Like any great story, your application essay needs a protagonist  — and it needs to be you. Even if the prompt asks you for a person who’s been an inspiration or had a significant impact in your life, your first person point of view is what the admissions committee is really after. Therefore, any rumination on other people, current events, or experiences should be leveraged to help the reader understand who you are and how that came to be.  

Craft an Arc

Remember that your essay is not a prose description of your resume or a data-based argument. Rather, it should be a narrative, with a clear arc on your formation.

To decide what that arc is, begin by thinking critically about the most formative personal, academic, and career experiences you’ve had: what have you taken from each? No doubt, some have allowed you to explore a curiosity or deepen a passion, while others may have presented an unwanted challenge, but all led inexorably to where you are today. Perhaps they feel interconnected, or perhaps each feels like a separate narrative. For your primary personal statement, you should select whichever pathway will leave your reader with the clearest impression of what you, as a result of your experiences, would bring to a campus community. 

Some call this the “brand statement” or “the pitch,” but to torture my fiction metaphor, I’d call it the tagline. It doesn’t have to be some obvious, embarrassing declaration that you intend to change the world, but it should be compelling, pithy, and distinct. Remember that applicants are often admitted as a result of a single person on the committee vouching for them with the others. So picture that moment: what would the person who is “team you” say to make your case? What’s the one sentence tagline for your application? 

If you don’t have an answer, your essay isn’t yet complete.  
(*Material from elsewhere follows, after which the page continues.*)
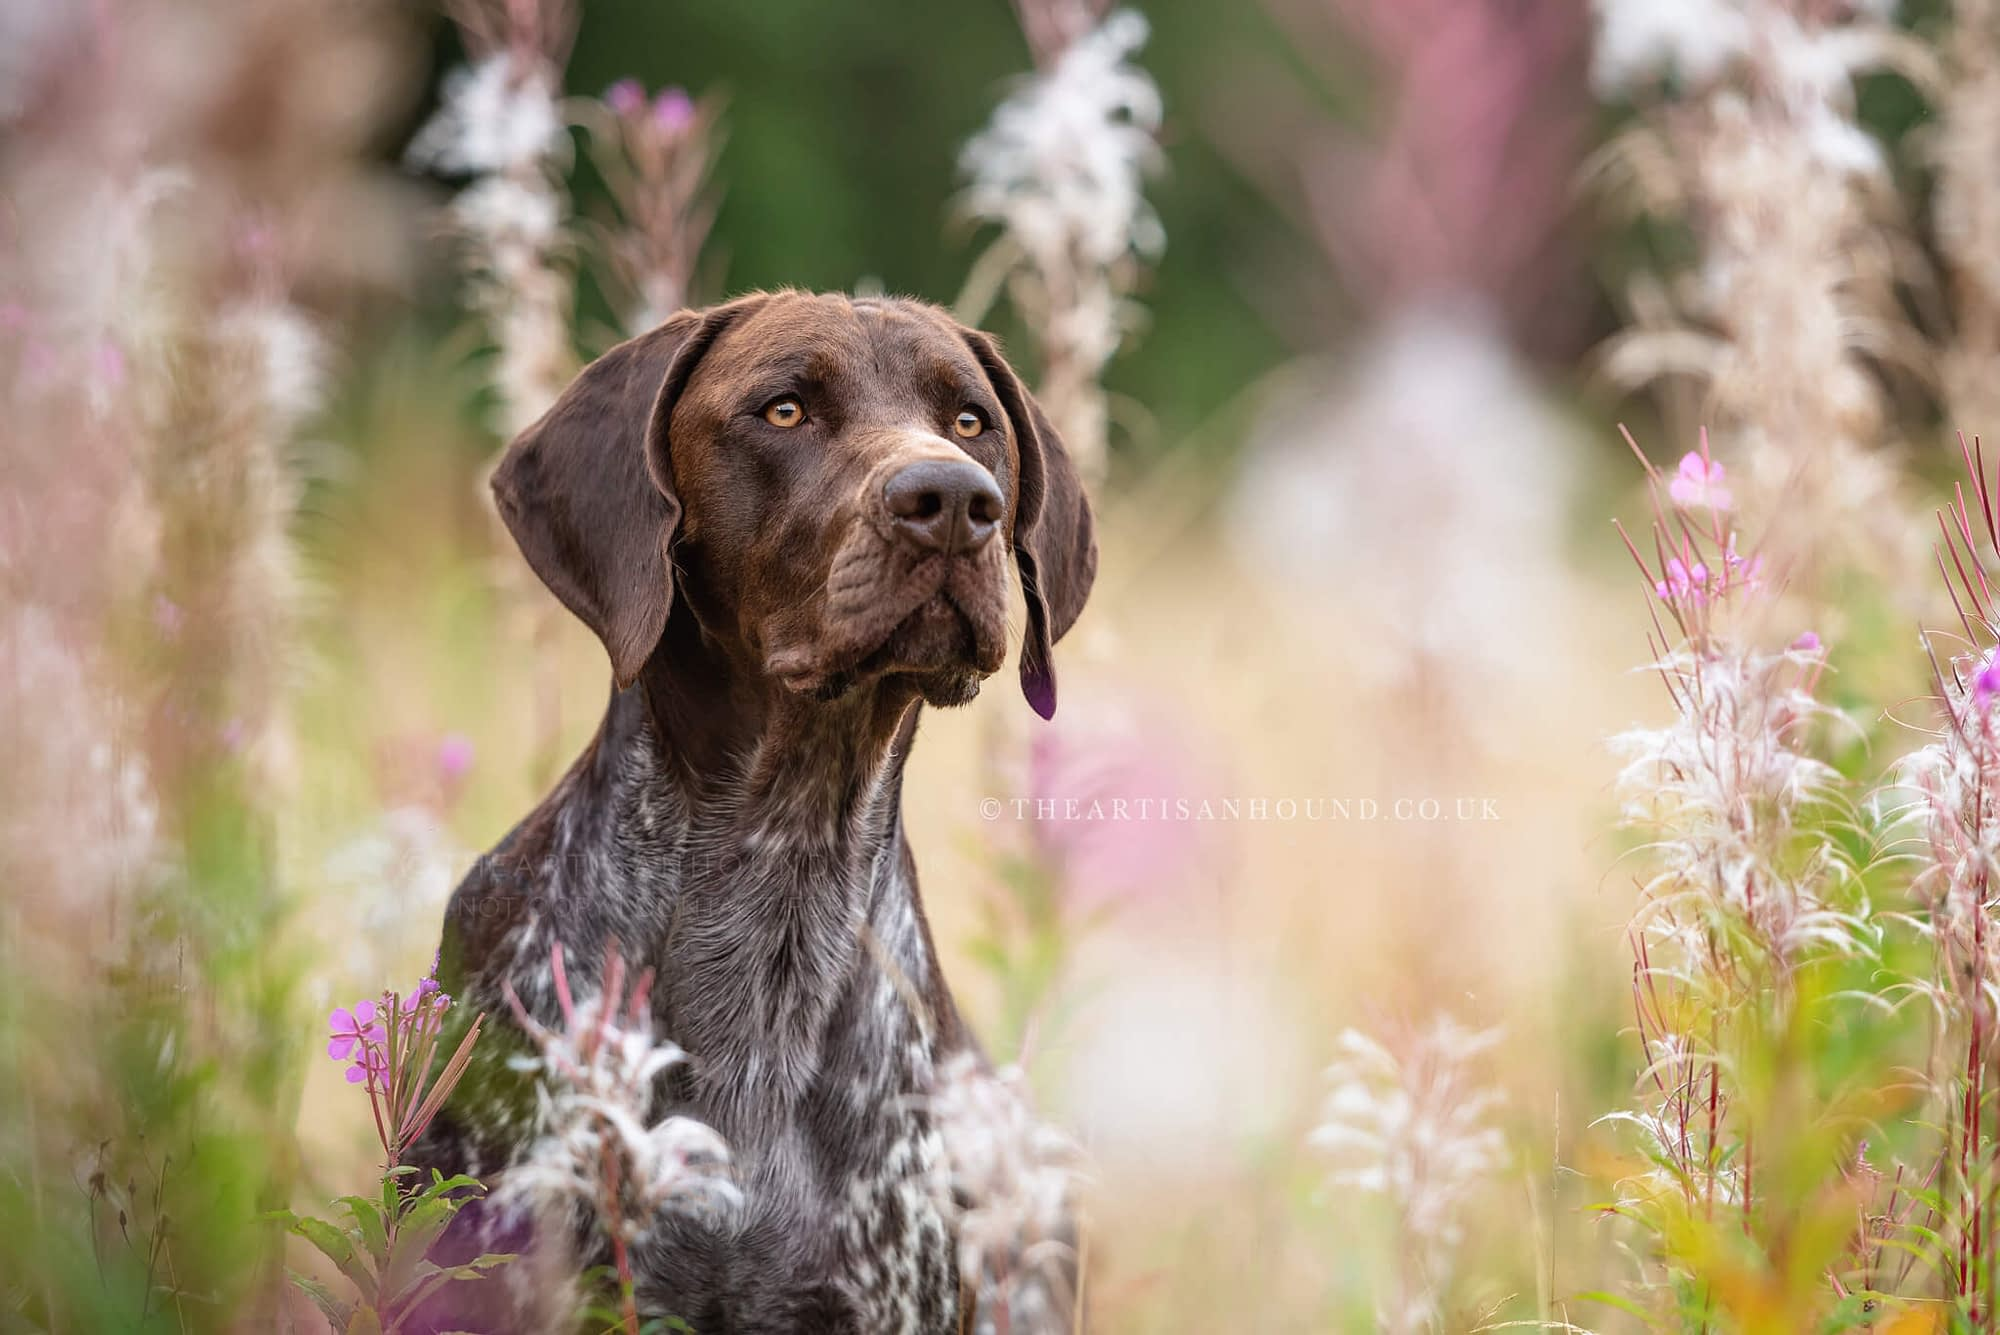 Pointer dog in flowers

Embrace the Internal Logic

Once you know your tagline, be intentional about maintaining it across all components of the application. That means avoiding providing information in other essays or short answers that seems to directly contradict it. This isn’t to say you aren’t allowed to have diverse interests you, of course, contain multitudes but an overly scattered display of passions and experience can read as unfocused, making your narrative less clear. You become an unreliable narrator, unknowable, and therefore difficult to root for. 

Avoid Too Much Exposition

While some master literary stylists can get away with long stretches of expository writing, most of us need to ground our story in scenes: particular moments and events in which core truths become evident. When deciding where to show scenes versus exposition, consider the critical moments of change or transformation in your arc. Perhaps you’re telling a story about falling in love with providing clinical care; perhaps you’re telling one about gaining the confidence to speak in public; perhaps it’s about a loved one passing away. In any case, the crucial moments of action deserve more consideration and detail, signaling their import to your reader. 

Subvert the Form

Many will say that the worst mistake you can make is picking a hackneyed topic for your personal statement (see: “the mission trip essay,” circa 2010), but I tend to disagree: picking a common topic isn’t innately bad if your perspective and style are sufficiently distinct. Basically, the more typical a topic you choose, the more onus there is on you to subvert expectations through form and style. Just as a contemporary novelist can’t mimic the tropes of the Austenian “marriage plot” without it feeling a bit tired, you shouldn’t submit a version of the “realizing a passion for social justice” essay that could’ve been written by ChatGPT. 

Of course, breaking the mould is, by definition, tricky. But I often find that students benefit from first writing their stories in the most straightforward, chronological form, then playing around with different modes of formal experimentation. For instance, experiment with timing: try opening in medias res or using a single moment to bookend the essay. Also, look for opportunities to bring in more of your voice, whether that’s humorous or resonant. 

Your reader can learn as much about you from how you tell your story as its content.